What If You Have No Credit History at All?

If you are new to the UAE or have never held a credit product here before, you are starting from zero. The AECB simply has no data on you, which means banks cannot assess your risk either way.

In this situation, the best starting point is an entry-level credit card with a low minimum salary requirement. Some banks also offer secured credit cards, where you place a fixed deposit as collateral and receive a card with a limit linked to that deposit. These function exactly like regular credit cards for building history. The AECB records your payments the same way, but they are significantly easier to get approved for when you have no track record yet.

Use that first card consistently, build your history over six to twelve months, and then explore which upgraded card your profile now qualifies for.

How Long Does It Take?

There is no shortcut. Most residents start to see a meaningful improvement in their credit profile after six to twelve months of consistent, responsible card use. For a genuinely strong AECB score, you are typically looking at two to three years of clean, steady behaviour.

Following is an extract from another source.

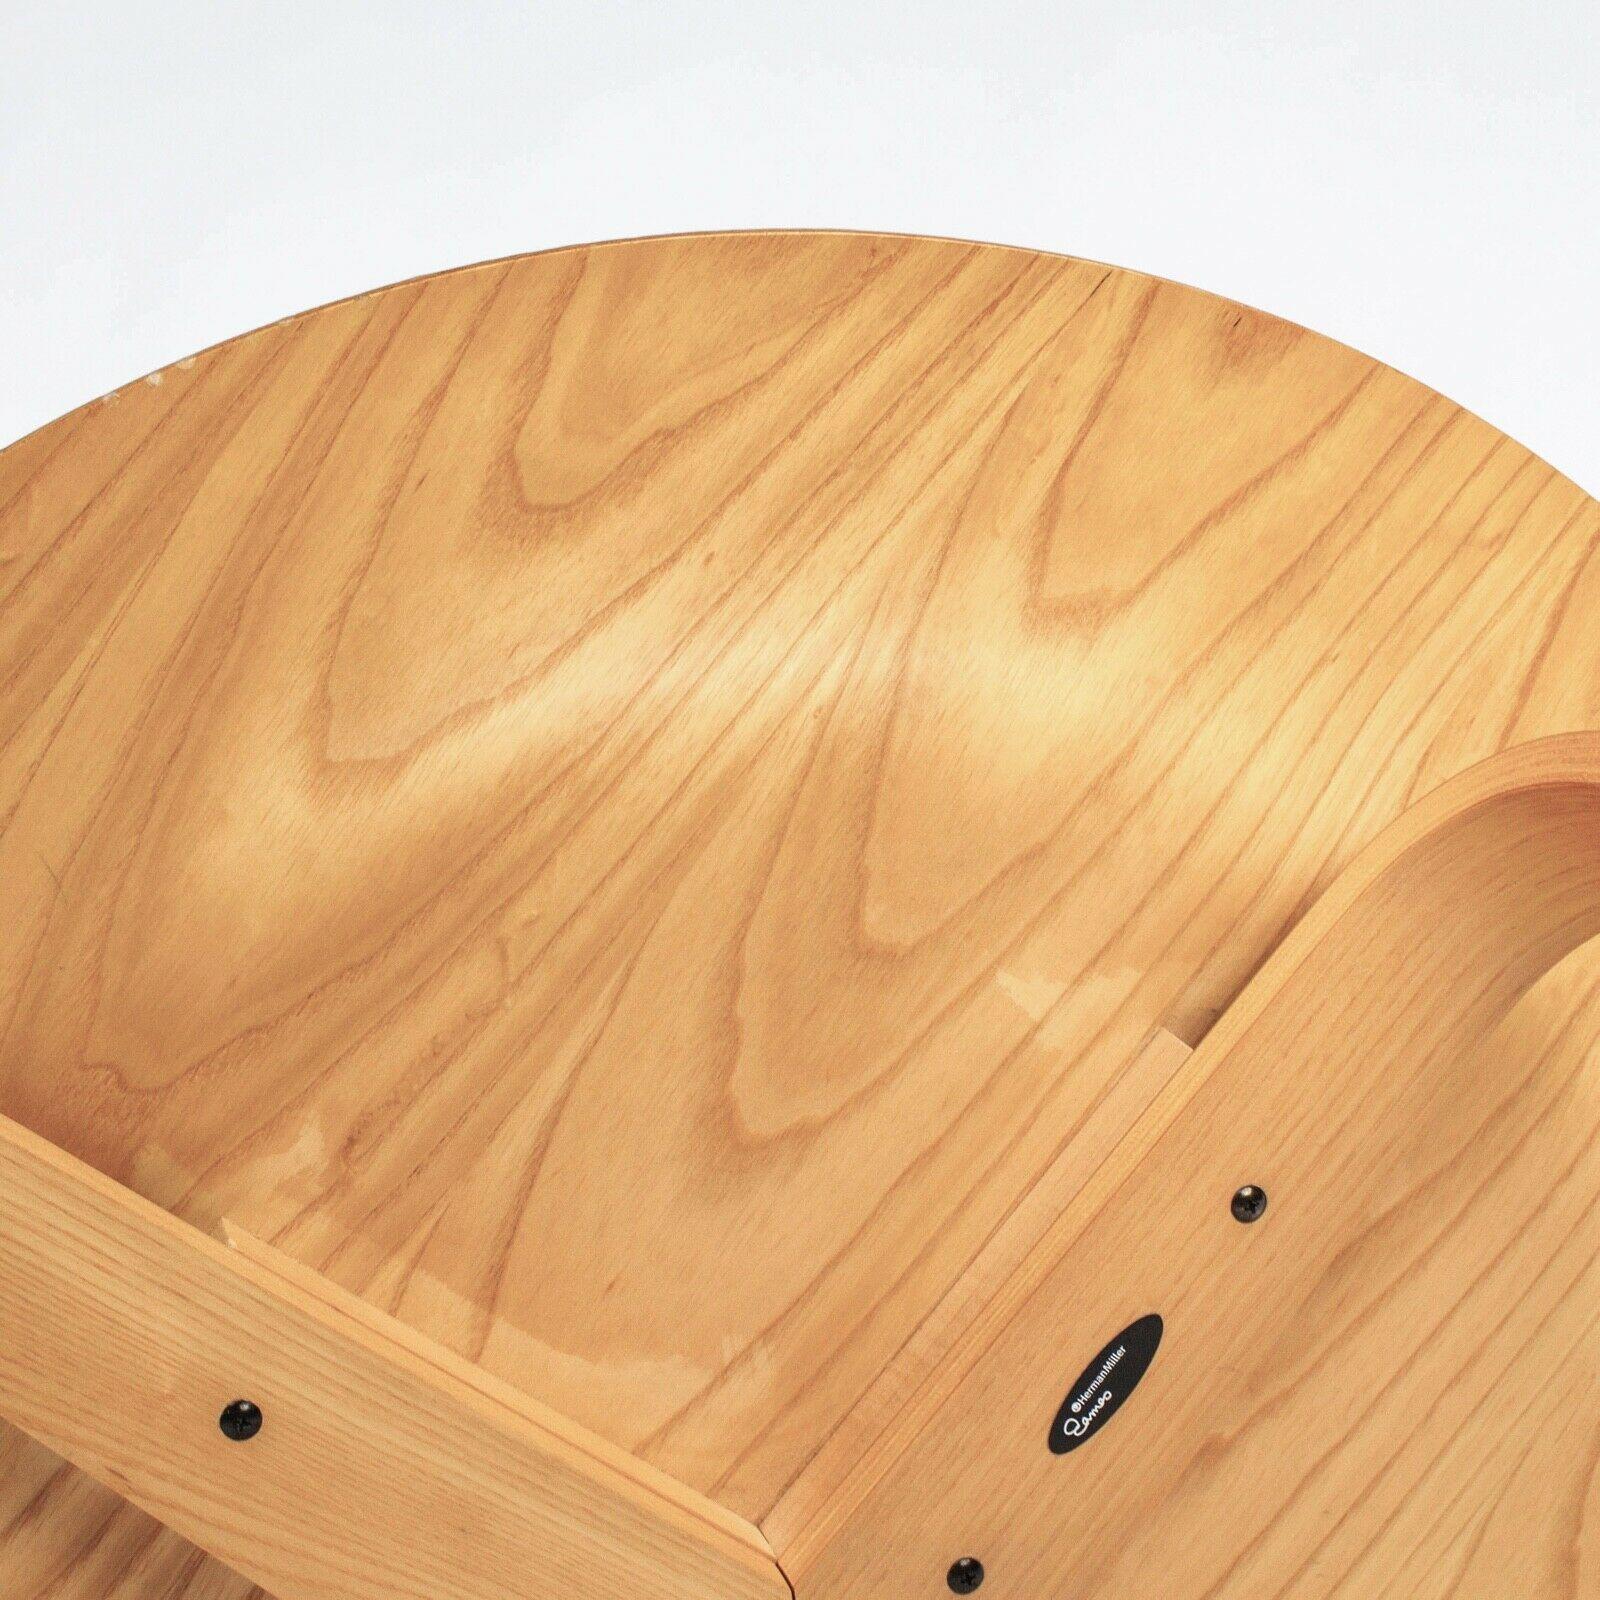 XXIe siècle et contemporain 2006 Herman Miller Ray & Charles Eames CTW Round Coffee Table Wood in White Ash (Table basse ronde en bois en frêne blanc) en vente

That might sound like a long time, but every month you pay on time and keep your balance low, you are building something that will eventually unlock better card limits, lower loan interest rates, and faster approvals on everything from a car to a mortgage.

Simplifying the Search with Test My Card

Whether you are just getting started with your first card or ready to upgrade after building a solid credit profile, Test My Card helps you find the right card for exactly where you are right now.

The platform gives you recommendations based on your current salary and financial profile, so you are only ever applying for cards you are likely to get approved for. That matters more than most people realise, because every rejected application leaves a hard inquiry on your AECB report. Applying for the right card from the start protects your score while you build it.

Conclusion

Your credit history in the UAE is one of the most valuable financial assets you can build. It works quietly in the background, influencing everything from the interest rate on your next loan to whether a landlord approves your tenancy application.

Your credit card is not just a spending tool. Used with discipline, it is a monthly opportunity to prove to every future lender in the UAE that you are someone worth trusting.

Pay on time. Keep your utilisation low. Stay consistent. The score will follow.